The institution of slavery, wherein begins Black contact with the Americas, deeply encoded a set of relationships designed to eliminate all vestiges of Black humanity and place the Black body in a subservient role of utter subjugation. Along with this, a visual culture emerged to support and further reinscribe this role of disempowered servitude. Thus were Blacks depicted in visual culture as foot-shuffling, watermelon-eating, buffoonish caricatures, their very humanity stripped away. Whether in films, in which docility was the main role for Blacks, or in the posters advertising grotesquely pantomimed minstrel shows, or in children’s books, where one would have encountered the happy and carefree little Sambo, there were precious few places where one would have encountered Black folks in all of their gloriously celebrated human complexity. While these images filled the public arena, Blacks always knew that those images were not theirs. And so the photographic image became important to the visual construction of Black humanity.
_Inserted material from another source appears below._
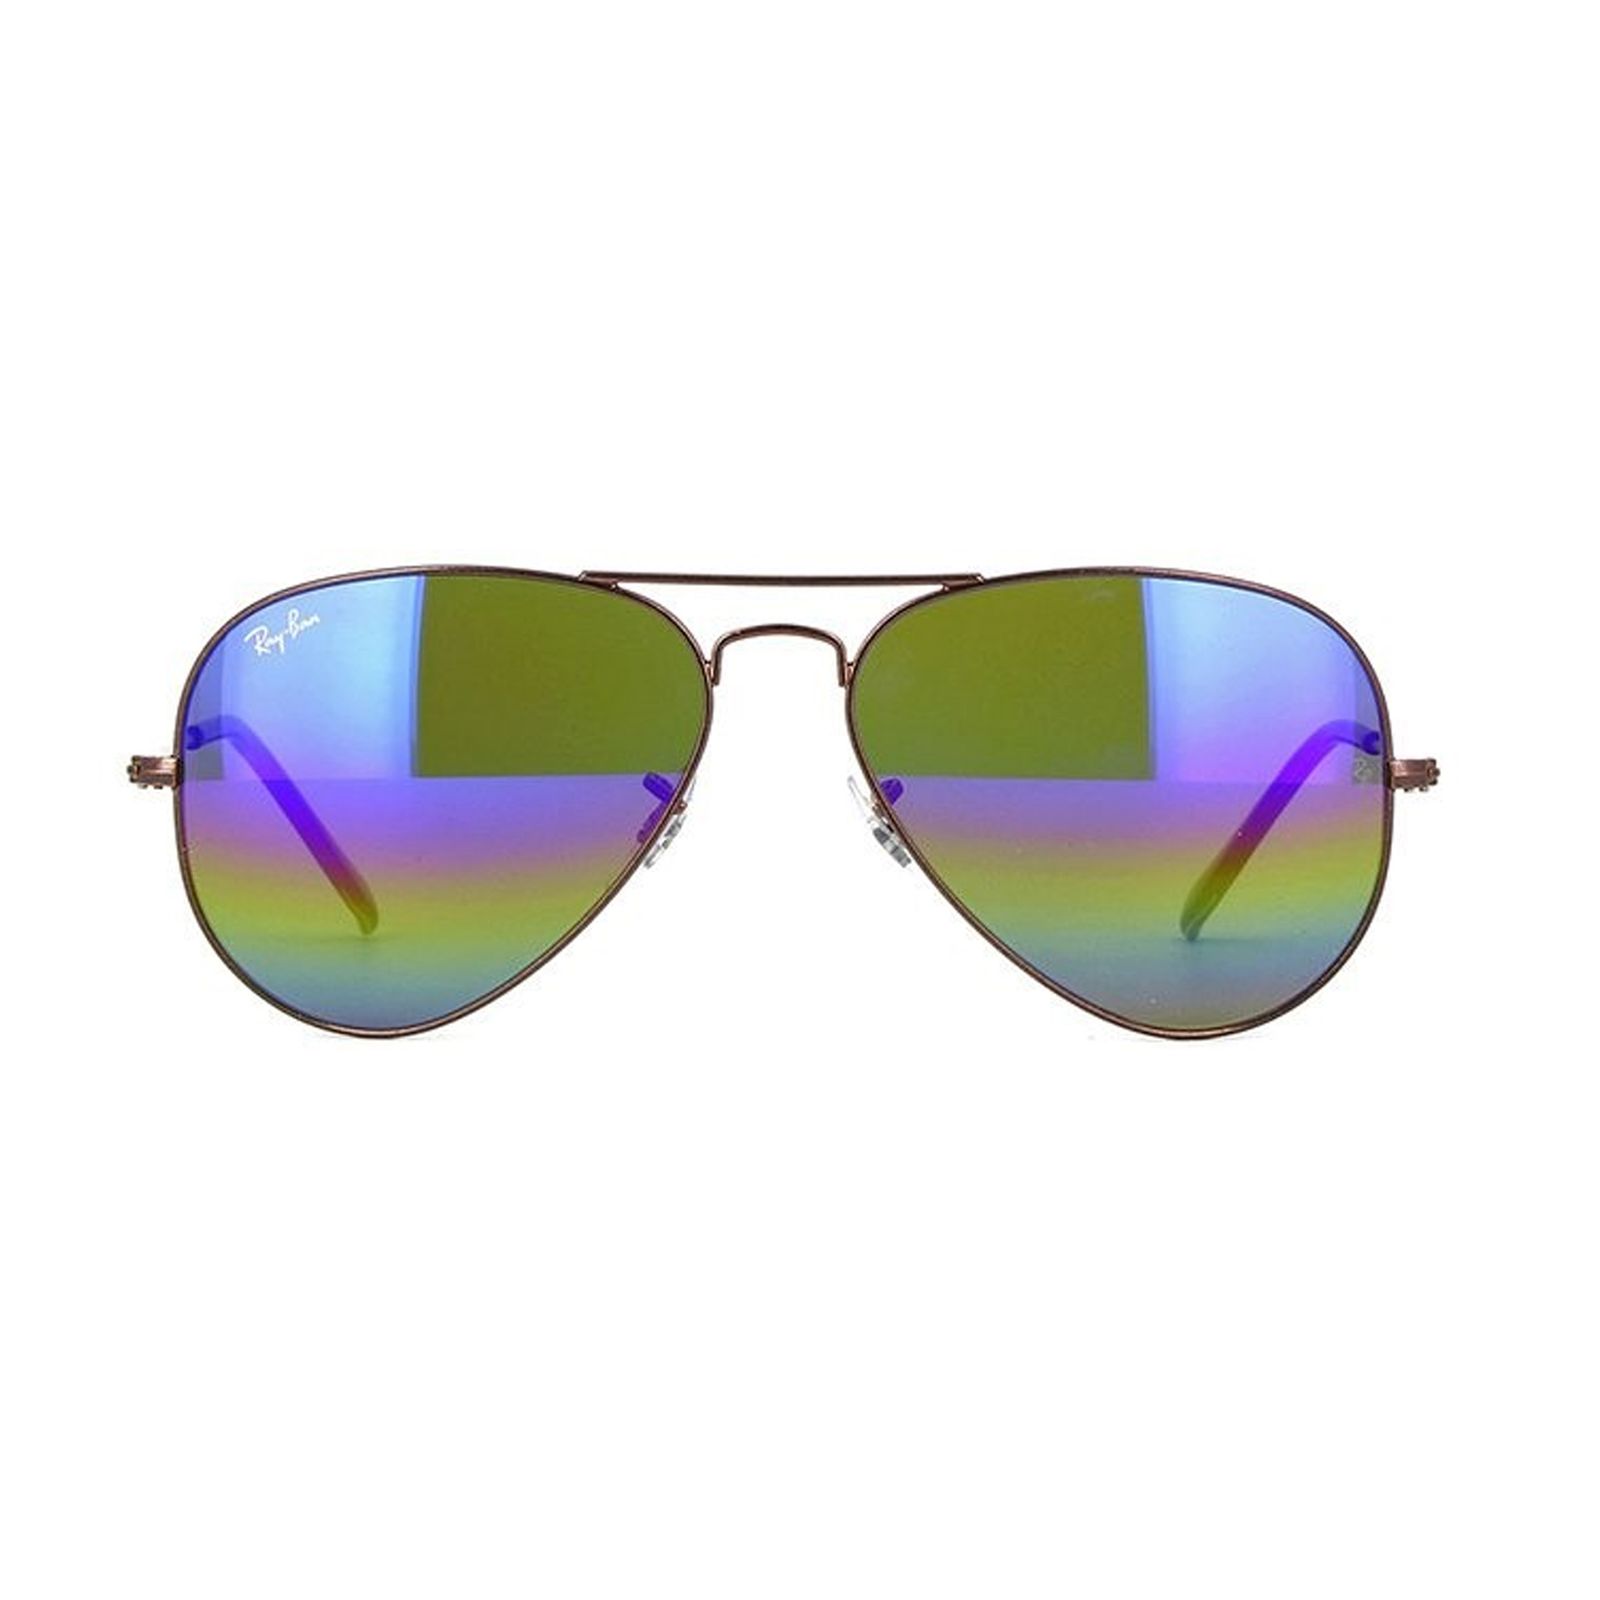 عینک آفتابی ری بن مدل 3025-9019/C2-58 -  - 1

It was that urge to describe urban Black New York life through the camera that placed me in Harlem that long-ago afternoon, in the momentary presence of the stolid yet graceful Black woman and the carefree, swaggering Black boys. I had been inspired years earlier by my own initial encounter with the Black subject in photographs when I visited the Metropolitan Museum of Art at the age of sixteen to see the exhibition “Harlem on My Mind.” That experience set me on the path to wanting to shape my own pictorial view of the African American experience. I guess you could say the camera became my own way of exercising my subjectivity in the world through persistant visual authorship.
As I watched those two boys walk powerfully into the expansive black space of the picture and into the late-afternoon shadow, and then froze that moment for posterity, I realized I was giving full and glorious rein to their youthful Black swagger . . . and my own.